• [What the task requires]: In the listing that follows, the range to quote begins at the line that has "Multirole Job Application" and ends after the line that has "CBS-TV reporter Bill"; quote it verbatim and add nothing.

━━ Excerpted records

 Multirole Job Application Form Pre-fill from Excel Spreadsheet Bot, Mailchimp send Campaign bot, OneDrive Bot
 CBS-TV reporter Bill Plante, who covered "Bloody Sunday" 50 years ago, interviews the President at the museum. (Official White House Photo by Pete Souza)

━━━━
━━ Excerpted records

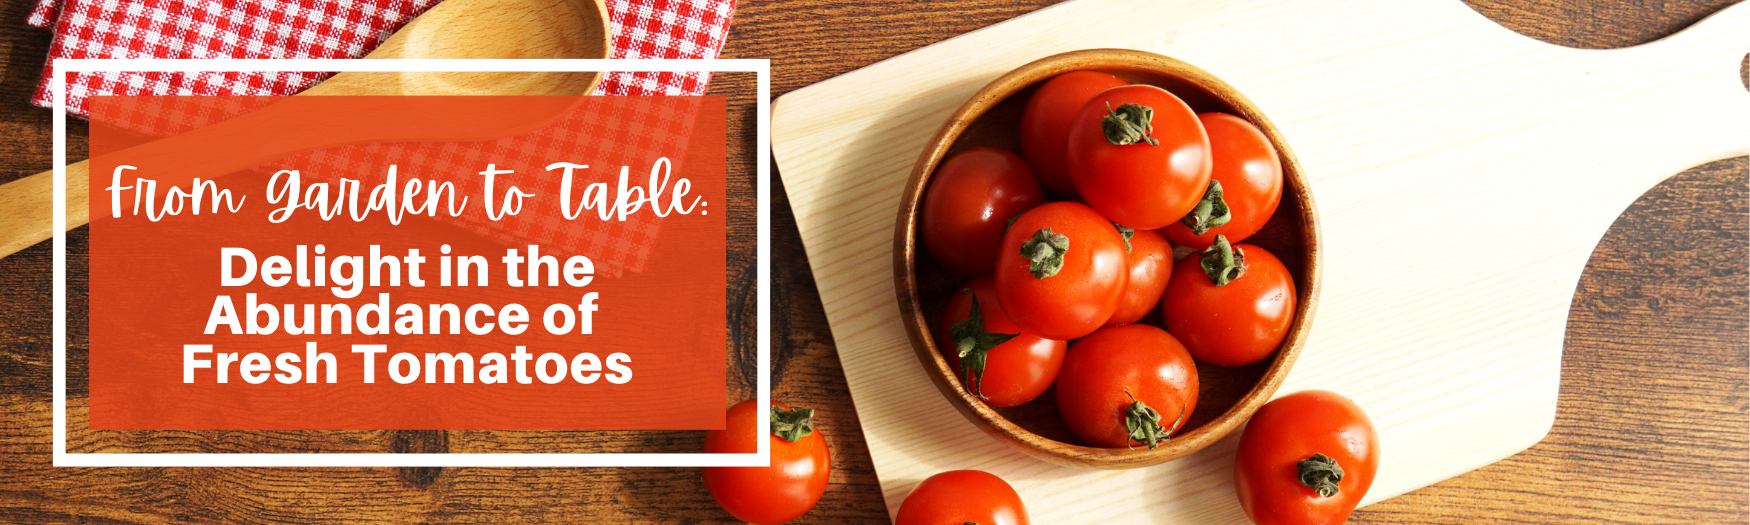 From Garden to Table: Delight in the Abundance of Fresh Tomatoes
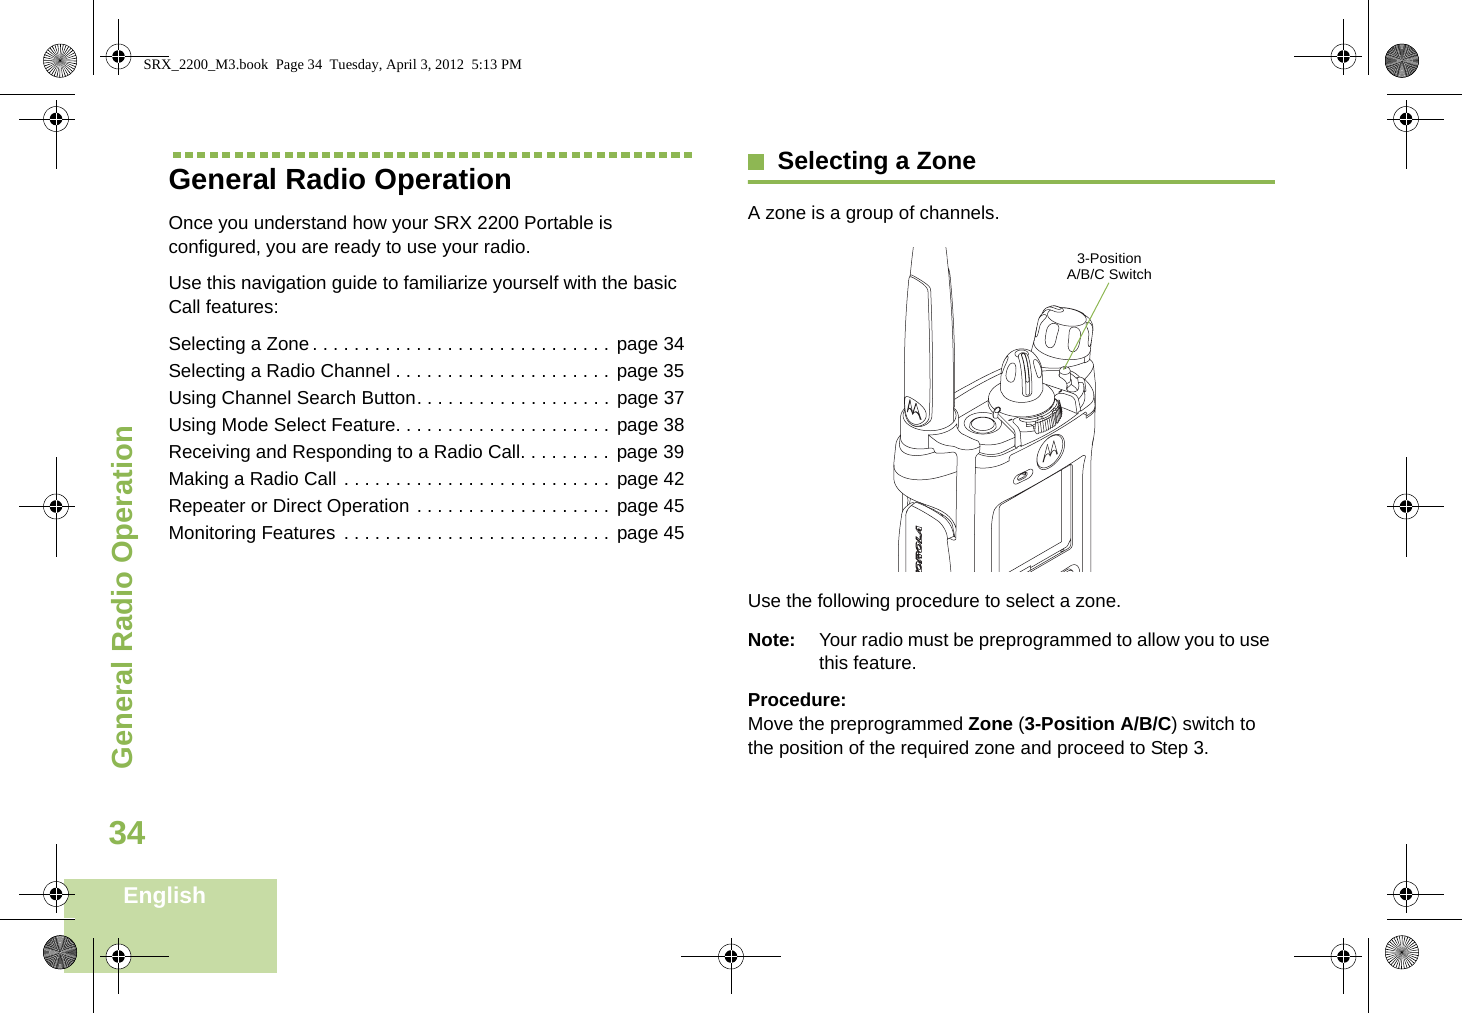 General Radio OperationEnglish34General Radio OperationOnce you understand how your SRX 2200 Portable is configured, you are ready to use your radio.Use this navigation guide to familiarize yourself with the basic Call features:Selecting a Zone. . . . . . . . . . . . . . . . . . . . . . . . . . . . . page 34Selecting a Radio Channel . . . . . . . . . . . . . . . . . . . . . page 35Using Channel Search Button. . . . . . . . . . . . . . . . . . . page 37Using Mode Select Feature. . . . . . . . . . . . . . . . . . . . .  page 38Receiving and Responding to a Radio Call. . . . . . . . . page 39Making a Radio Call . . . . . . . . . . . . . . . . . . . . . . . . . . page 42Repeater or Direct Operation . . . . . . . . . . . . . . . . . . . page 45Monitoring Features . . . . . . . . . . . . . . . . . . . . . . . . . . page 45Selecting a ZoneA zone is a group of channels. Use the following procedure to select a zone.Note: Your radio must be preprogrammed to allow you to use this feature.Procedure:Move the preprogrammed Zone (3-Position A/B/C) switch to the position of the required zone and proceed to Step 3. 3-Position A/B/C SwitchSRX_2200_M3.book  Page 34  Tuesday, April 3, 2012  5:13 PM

━━━━

• [Reply to the task]:
 Multirole Job Application Form Pre-fill from Excel Spreadsheet Bot, Mailchimp send Campaign bot, OneDrive Bot
 CBS-TV reporter Bill Plante, who covered "Bloody Sunday" 50 years ago, interviews the President at the museum. (Official White House Photo by Pete Souza)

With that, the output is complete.